## Requirement:
Once you find the line with "6N0823301E Петля капота" in the entries below, return exactly every line from it through the line with "Memória DDR4 XPG".

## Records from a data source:
'''

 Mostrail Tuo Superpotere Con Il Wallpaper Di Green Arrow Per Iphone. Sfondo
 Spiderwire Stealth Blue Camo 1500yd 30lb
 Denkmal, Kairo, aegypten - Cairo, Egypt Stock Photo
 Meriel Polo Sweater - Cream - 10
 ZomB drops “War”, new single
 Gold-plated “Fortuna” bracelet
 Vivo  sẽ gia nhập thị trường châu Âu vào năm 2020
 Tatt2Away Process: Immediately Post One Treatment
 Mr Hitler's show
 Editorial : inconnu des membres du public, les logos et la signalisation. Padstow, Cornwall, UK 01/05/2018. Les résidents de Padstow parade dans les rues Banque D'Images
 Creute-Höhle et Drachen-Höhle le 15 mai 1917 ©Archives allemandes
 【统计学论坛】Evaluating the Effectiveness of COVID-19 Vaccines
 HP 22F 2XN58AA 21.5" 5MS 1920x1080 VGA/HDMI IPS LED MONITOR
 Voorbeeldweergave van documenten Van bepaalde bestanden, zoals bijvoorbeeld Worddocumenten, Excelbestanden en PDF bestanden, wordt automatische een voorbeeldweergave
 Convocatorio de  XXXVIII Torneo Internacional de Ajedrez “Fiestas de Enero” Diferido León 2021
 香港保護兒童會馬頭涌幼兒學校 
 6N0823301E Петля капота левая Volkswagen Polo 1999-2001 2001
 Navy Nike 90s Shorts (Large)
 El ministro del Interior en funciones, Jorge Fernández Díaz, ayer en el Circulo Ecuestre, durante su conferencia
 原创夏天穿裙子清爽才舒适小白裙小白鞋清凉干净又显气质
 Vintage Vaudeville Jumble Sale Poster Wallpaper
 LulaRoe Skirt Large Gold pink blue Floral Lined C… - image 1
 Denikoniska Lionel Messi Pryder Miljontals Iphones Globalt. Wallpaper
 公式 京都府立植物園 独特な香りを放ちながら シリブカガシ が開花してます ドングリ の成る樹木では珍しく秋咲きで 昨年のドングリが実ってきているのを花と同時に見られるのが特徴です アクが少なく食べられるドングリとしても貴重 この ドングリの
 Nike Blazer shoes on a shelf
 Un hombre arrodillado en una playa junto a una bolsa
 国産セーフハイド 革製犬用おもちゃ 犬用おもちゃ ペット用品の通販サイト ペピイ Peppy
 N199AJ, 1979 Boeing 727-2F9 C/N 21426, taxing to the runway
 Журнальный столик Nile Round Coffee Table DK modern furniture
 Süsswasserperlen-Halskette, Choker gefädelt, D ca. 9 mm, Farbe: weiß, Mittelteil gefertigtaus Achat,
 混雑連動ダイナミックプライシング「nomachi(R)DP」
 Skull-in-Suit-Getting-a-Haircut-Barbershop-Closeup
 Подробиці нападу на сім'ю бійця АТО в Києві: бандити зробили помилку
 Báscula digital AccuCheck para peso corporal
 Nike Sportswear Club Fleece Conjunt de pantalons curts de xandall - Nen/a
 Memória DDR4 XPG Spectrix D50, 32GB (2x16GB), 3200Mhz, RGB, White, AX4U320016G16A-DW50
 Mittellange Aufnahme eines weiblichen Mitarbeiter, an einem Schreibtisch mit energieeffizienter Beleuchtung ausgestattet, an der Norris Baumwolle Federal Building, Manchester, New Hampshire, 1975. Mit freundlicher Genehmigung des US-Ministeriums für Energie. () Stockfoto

'''

## Solution to the exercise:
 6N0823301E Петля капота левая Volkswagen Polo 1999-2001 2001
 Navy Nike 90s Shorts (Large)
 El ministro del Interior en funciones, Jorge Fernández Díaz, ayer en el Circulo Ecuestre, durante su conferencia
 原创夏天穿裙子清爽才舒适小白裙小白鞋清凉干净又显气质
 Vintage Vaudeville Jumble Sale Poster Wallpaper
 LulaRoe Skirt Large Gold pink blue Floral Lined C… - image 1
 Denikoniska Lionel Messi Pryder Miljontals Iphones Globalt. Wallpaper
 公式 京都府立植物園 独特な香りを放ちながら シリブカガシ が開花してます ドングリ の成る樹木では珍しく秋咲きで 昨年のドングリが実ってきているのを花と同時に見られるのが特徴です アクが少なく食べられるドングリとしても貴重 この ドングリの
 Nike Blazer shoes on a shelf
 Un hombre arrodillado en una playa junto a una bolsa
 国産セーフハイド 革製犬用おもちゃ 犬用おもちゃ ペット用品の通販サイト ペピイ Peppy
 N199AJ, 1979 Boeing 727-2F9 C/N 21426, taxing to the runway
 Журнальный столик Nile Round Coffee Table DK modern furniture
 Süsswasserperlen-Halskette, Choker gefädelt, D ca. 9 mm, Farbe: weiß, Mittelteil gefertigtaus Achat,
 混雑連動ダイナミックプライシング「nomachi(R)DP」
 Skull-in-Suit-Getting-a-Haircut-Barbershop-Closeup
 Подробиці нападу на сім'ю бійця АТО в Києві: бандити зробили помилку
 Báscula digital AccuCheck para peso corporal
 Nike Sportswear Club Fleece Conjunt de pantalons curts de xandall - Nen/a
 Memória DDR4 XPG Spectrix D50, 32GB (2x16GB), 3200Mhz, RGB, White, AX4U320016G16A-DW50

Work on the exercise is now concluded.